So, we've compared the three approaches, but what have we learned? Well, if nothing else, it should be crystal clear that VBScript string concatenation should be avoided at all costs! That said, it is safe to use native string concatenation when you *know* that only a fixed number of substrings will be concatenated together, such as when you're dynamically constructing a dynamic SQL statement, or assembling a line of HTML to be written directly to an output (file, response, etc). However, as a general rule of thumb, in all other cases, and particularly when the volume of the source data (in data size or number of items) is likely to increase over time, if the number of records which are processed to generate the output are subject to control by the end user (e.g. a selectable search results limit), or you are incrementally generating output which isn't written directly to the output (Response object, disk, etc), you must give due consideration to this issue and use a scalable string building technique.
And which technique should you use? As the results demonstrate, it all depends on exactly *what* you are appending. For short substrings, the array-based methods have the edge, but as you increase the length of the substrings, the stream-based method becomes the winner. Therefore, you should choose your method depending on the nature and volume of the data that you are using. To generalise, since most applications are unlikely to require the frequent appending of thousands of substrings which are each thousands of characters in length, the array method will probably do you just fine in 99% of cases. Incidentally, if you are already using an array-based VBScript concatenation class, check the code to make sure that it is NOT ReDimming the array each time a new substring is added - it's significantly more expensive to use that approach (as I mentioned at the start of the article), so edit it so that it uses the lazy length-doubling method, or simply switch to using my code (see end).

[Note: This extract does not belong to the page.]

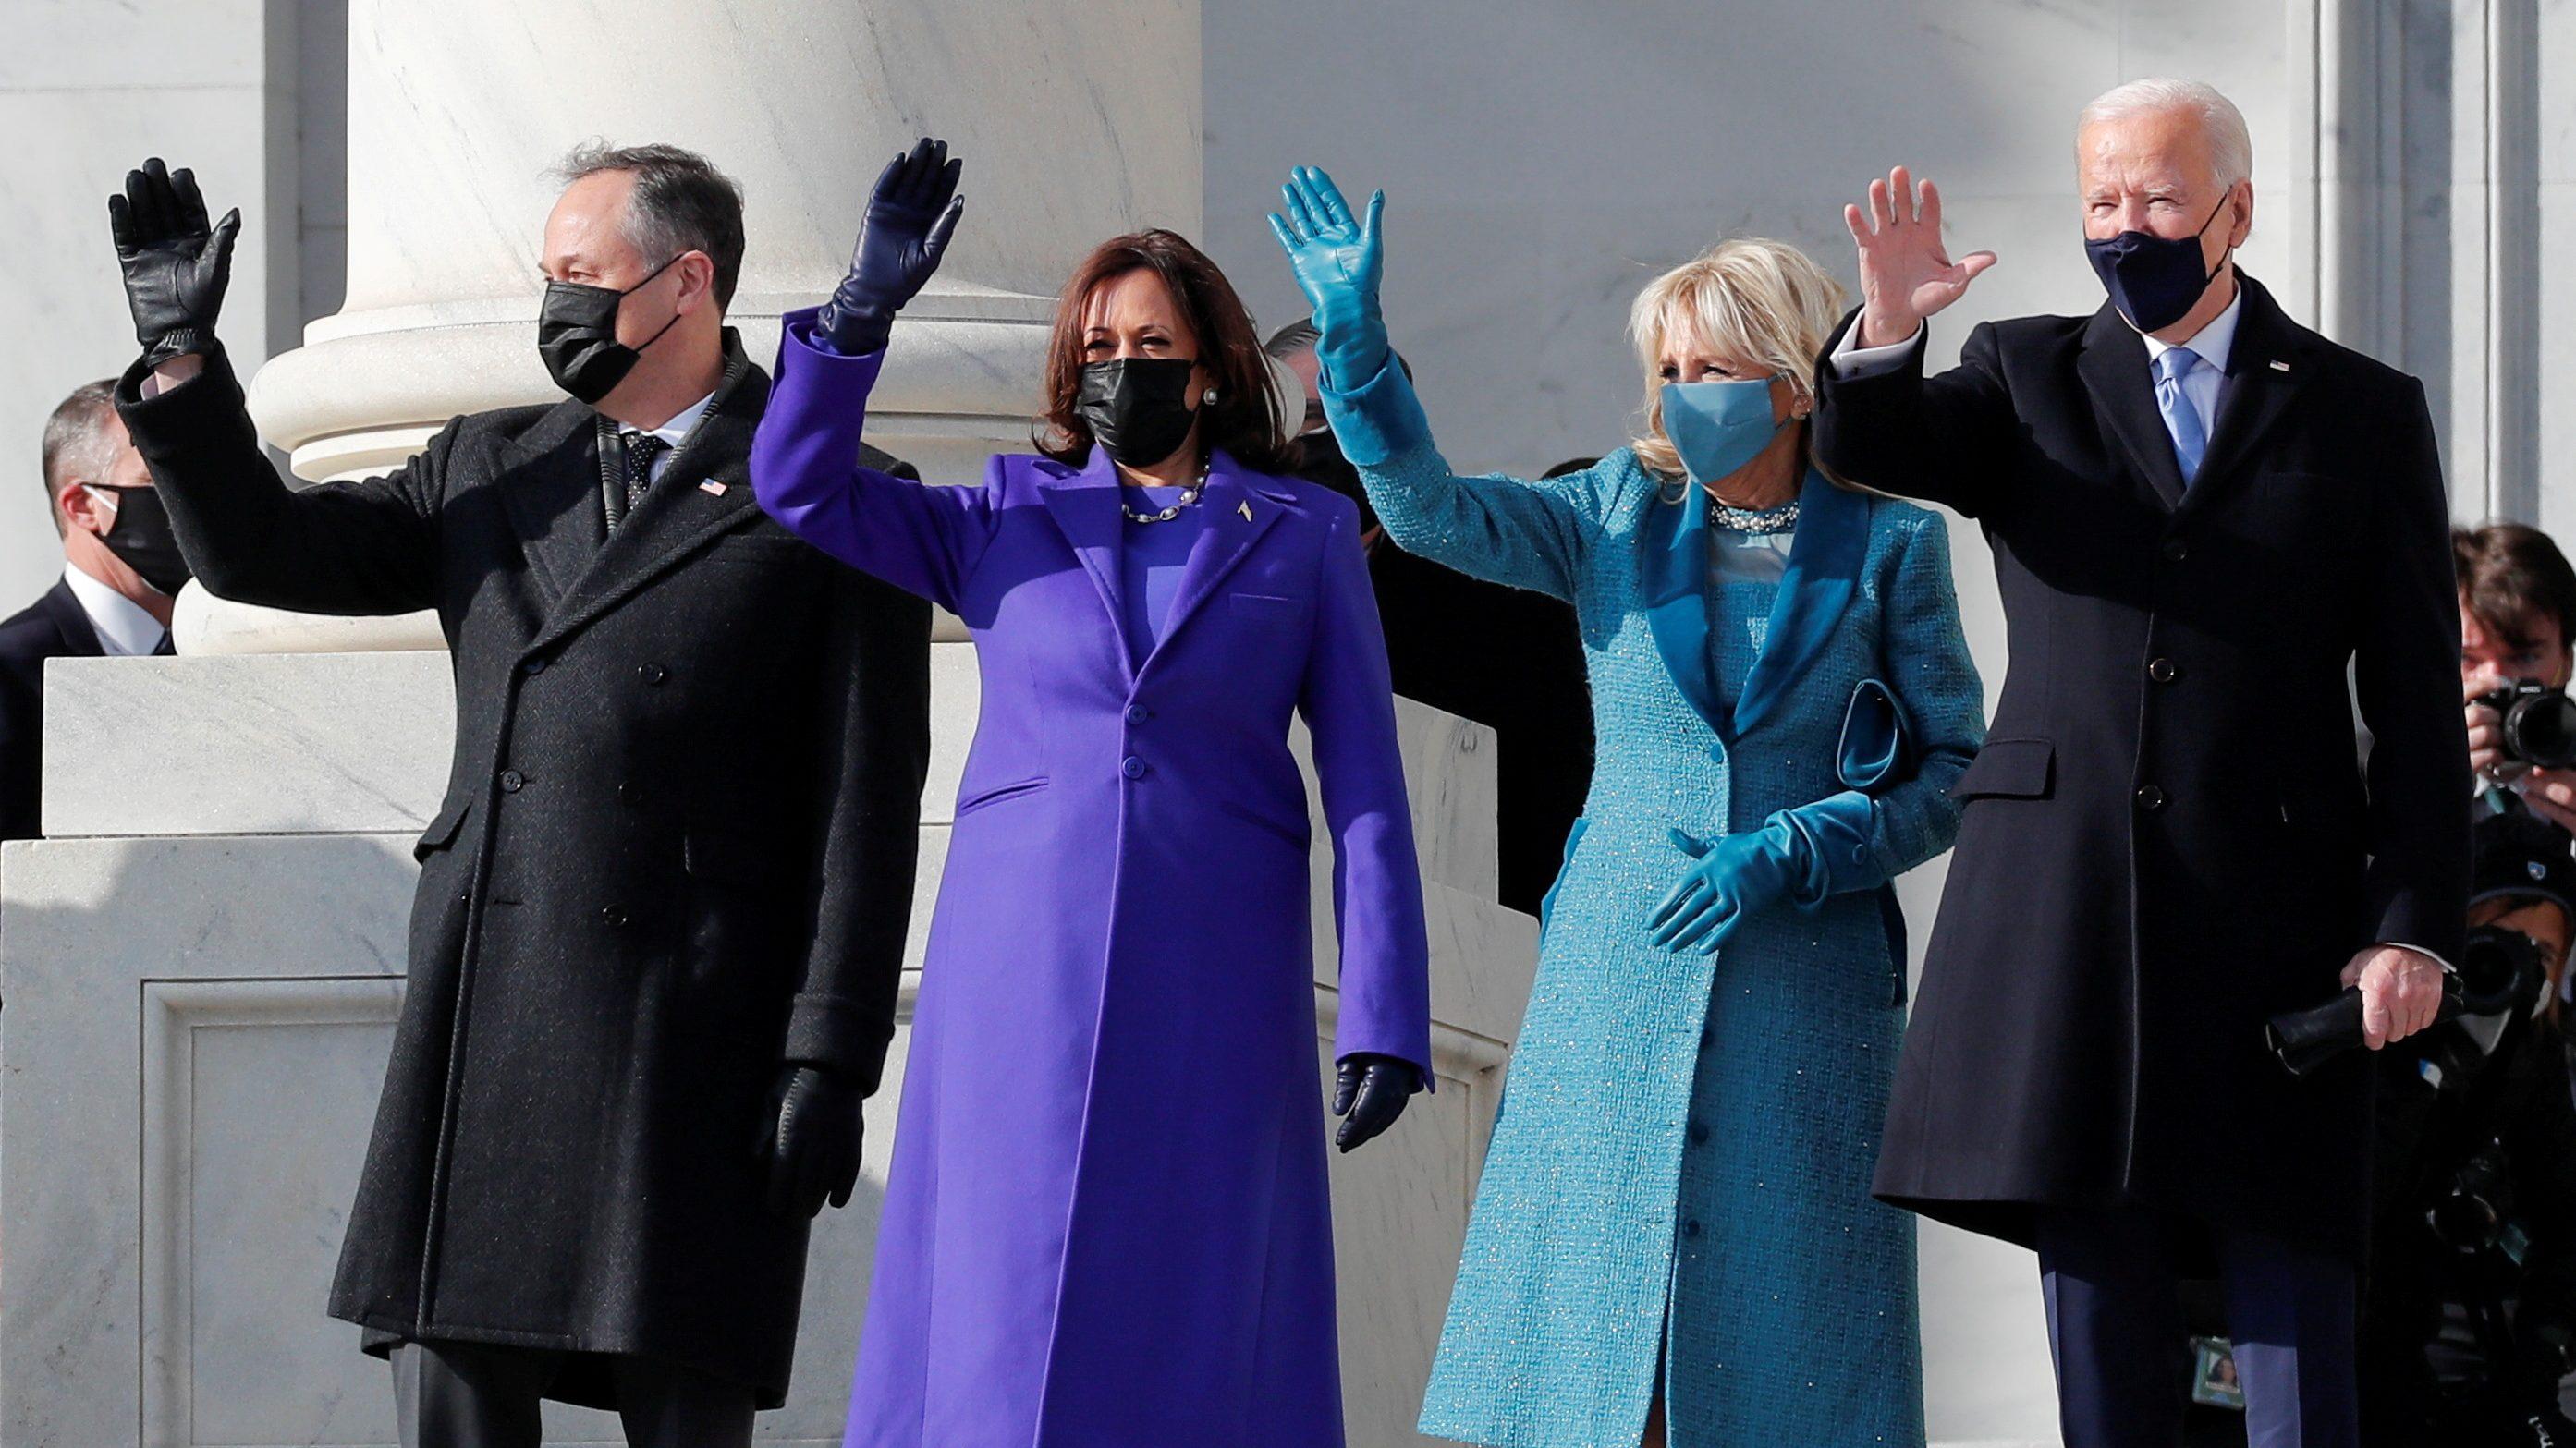 President-elect Joe Biden, his wife Jill Biden, Vice President-elect Kamala Harris and her husband Doug Emhoff salute as they arrive ahead of the inauguration in Washington

As well as ensuring that you are now fully aware of the performance issues associated with using native string concatenation, hopefully this article has also made you realise that you should try to test your code with real-world data, and to examine alleged performance-enhancing techniques carefully, since whether or not you get a significant gain (or perhaps even a decrease in performance) all depends on the precise circumstances in which you use a given technique - in particular, what data you are passing through it, and how often it gets called.
Finally, the code for the benchmark and concatenation classes is available here: StringConcatenation.zip (2 KB), and you are free to use the code in your own work. I ask only that you leave my credits in place. I hope you've found this interesting reading, and it's always nice to know whether advice has paid off for people, so let me know your feedback, particularly if as a result you've implemented changes which have made a significant difference to the performance of your scripts / web applications.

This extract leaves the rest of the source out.